What do you mean by "does it vary"?


----------



## Precious (Sep 3, 2007)

As with metrics, the sciences use metrics wherever you are. Do bug people in other developed countries use L1 to represent first instar or something else? Is it universal? No big deal, just wondering if I might see it written yet another way.


----------



## Andrew (Sep 3, 2007)

Its pretty much universal, although some people use "I" instead of "L".


----------



## Rob Byatt (Sep 4, 2007)

In English speaking countries we SHOULD use the suffix 'instar'.

'L' is the abbreviation of Larven/_others_ (correct me if wrong Christian), a German word.

'L' is only used in these countries because the people that import the mantids from none English speaking countries DO NOT understand the meaning of 'L'.

Instar has been used for centuries by English speaking people; look in ANY respected entomological book and I guarantee that you will see NO reference to the prefix 'L'.

I'll get off my soap box now :roll:

Rob.


----------



## OGIGA (Sep 4, 2007)

> Its pretty much universal, although some people use "I" instead of "L".


I've never seen anybody here use the "I" prefix...


----------



## Precious (Sep 4, 2007)

Thanks Rob. I've had experience with butterlies/moths and of course, maggots, and larvae is always referred in terms of instar. I've only seen one site that used "I" as opposed to "L" but my experience is primarily with US references. So much of this science, as with all, is disputed. As I'm sure you know, there is disagreement in all areas of taxonomy. It just depends on who you're talking to.

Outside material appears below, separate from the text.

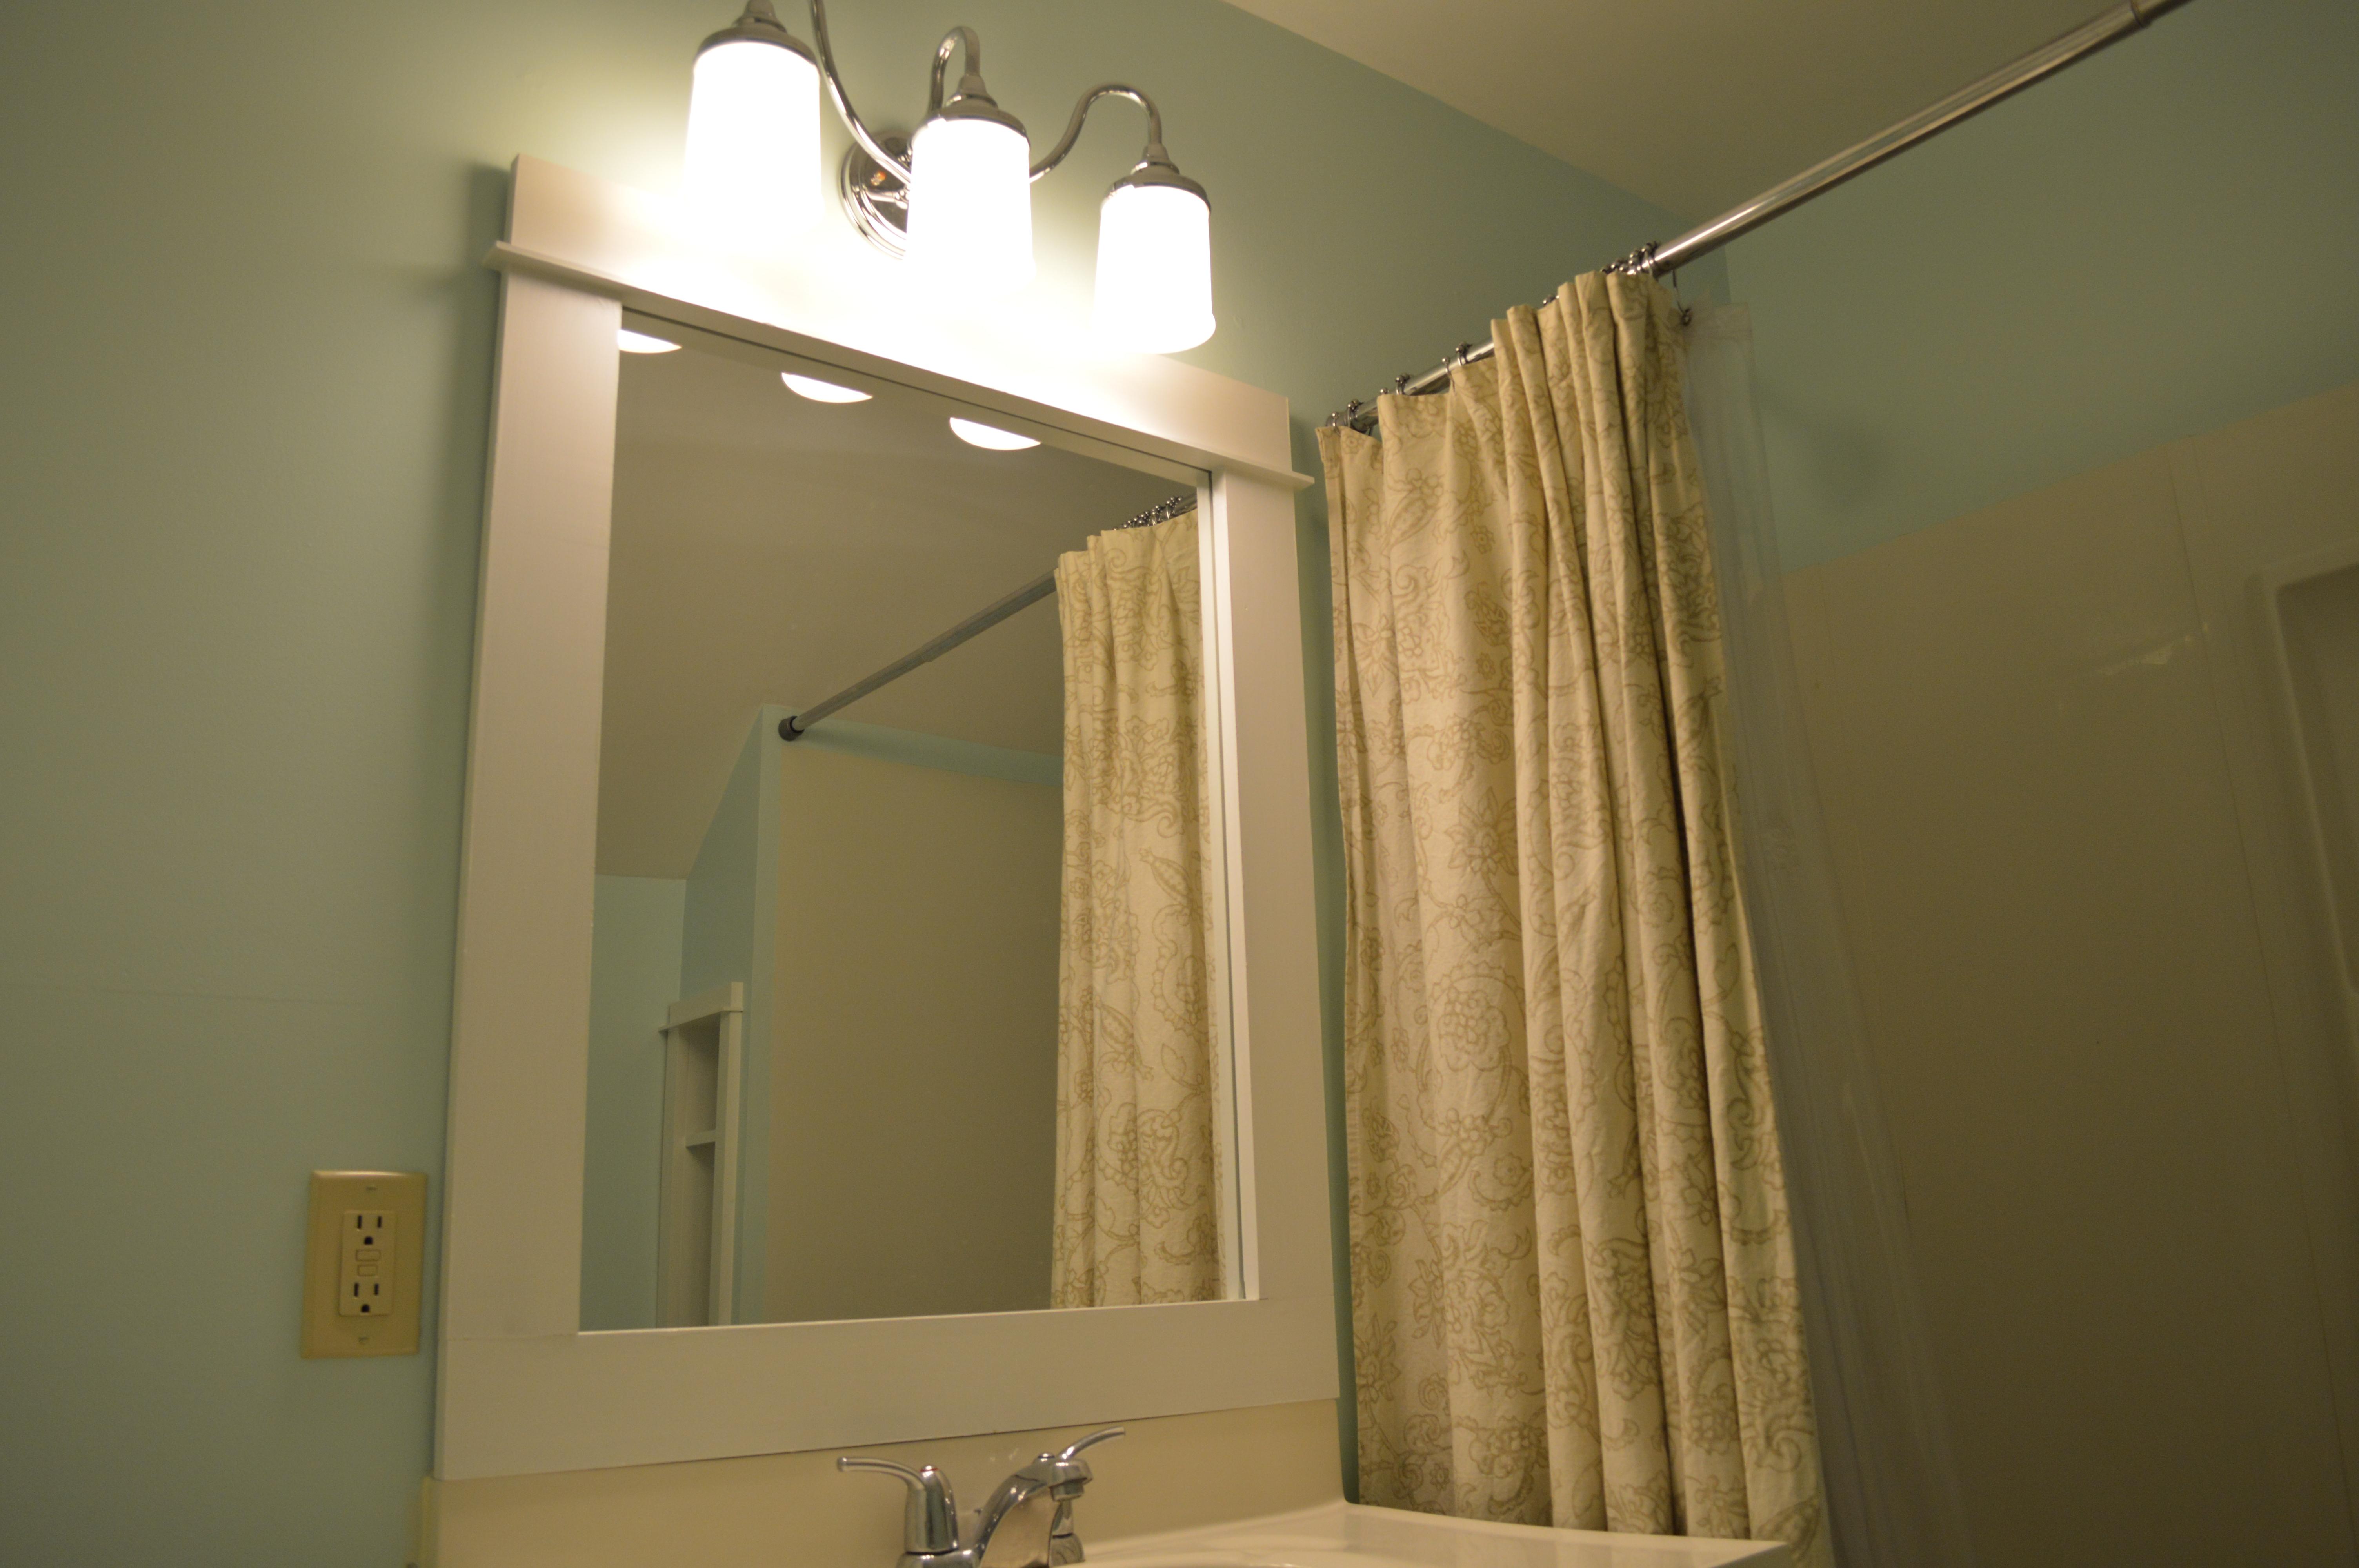 Framing a Bathroom Mirror | St. Paul Haus

I couldn't nail down if a hatchling is a hatchling or, what is commonly reffered to on this site, an L1 and the answer eluded me on the internet. I get it now.


----------



## Christian (Sep 5, 2007)

Now, as I said at least three times, the German abbreviation "L" means "larval instar", NOT "larva". It is not used for adults/imagines or pupae.

The term L (plus a number) is not an entomologist one. It is used by hobbyists because it is shorter than the scientific term "first/second/etc. instar larva/nymph".

In mantids there is some confusion regarding the terminus of hatchlings: because of the embryonal cuticle some authors have used L2 for a hatchling, pretending that the ecclosion molt should be counted. It is just an envelope, though, protecting the larva during hatching, so hatschlings are indeed L1.

Regards,

Christian


----------



## yen_saw (Sep 5, 2007)

Think i need to use instar more often, i am just get use to the L term and being lazy  never too late to start i guess :wink:


----------



## Hypoponera (Sep 5, 2007)

Maybe we should consider using "N" for nymphal rather then "L" for larval. After all, mantids have nymphs, not larva.


----------



## Rob Byatt (Sep 6, 2007)

> Maybe we should consider using "N" for nymphal rather then "L" for larval. After all, mantids have nymphs, not larva.


Nope :roll: :wink: Nymphal stages already have a term - instars :wink:

The prefix 'L' is perfectly fine as an abbreviation; in Germany, France, etc.


----------



## Christian (Sep 6, 2007)

Hi.

We will not change the term anyway, it has established already. You can use what you want as long as you know what is meant by the "L".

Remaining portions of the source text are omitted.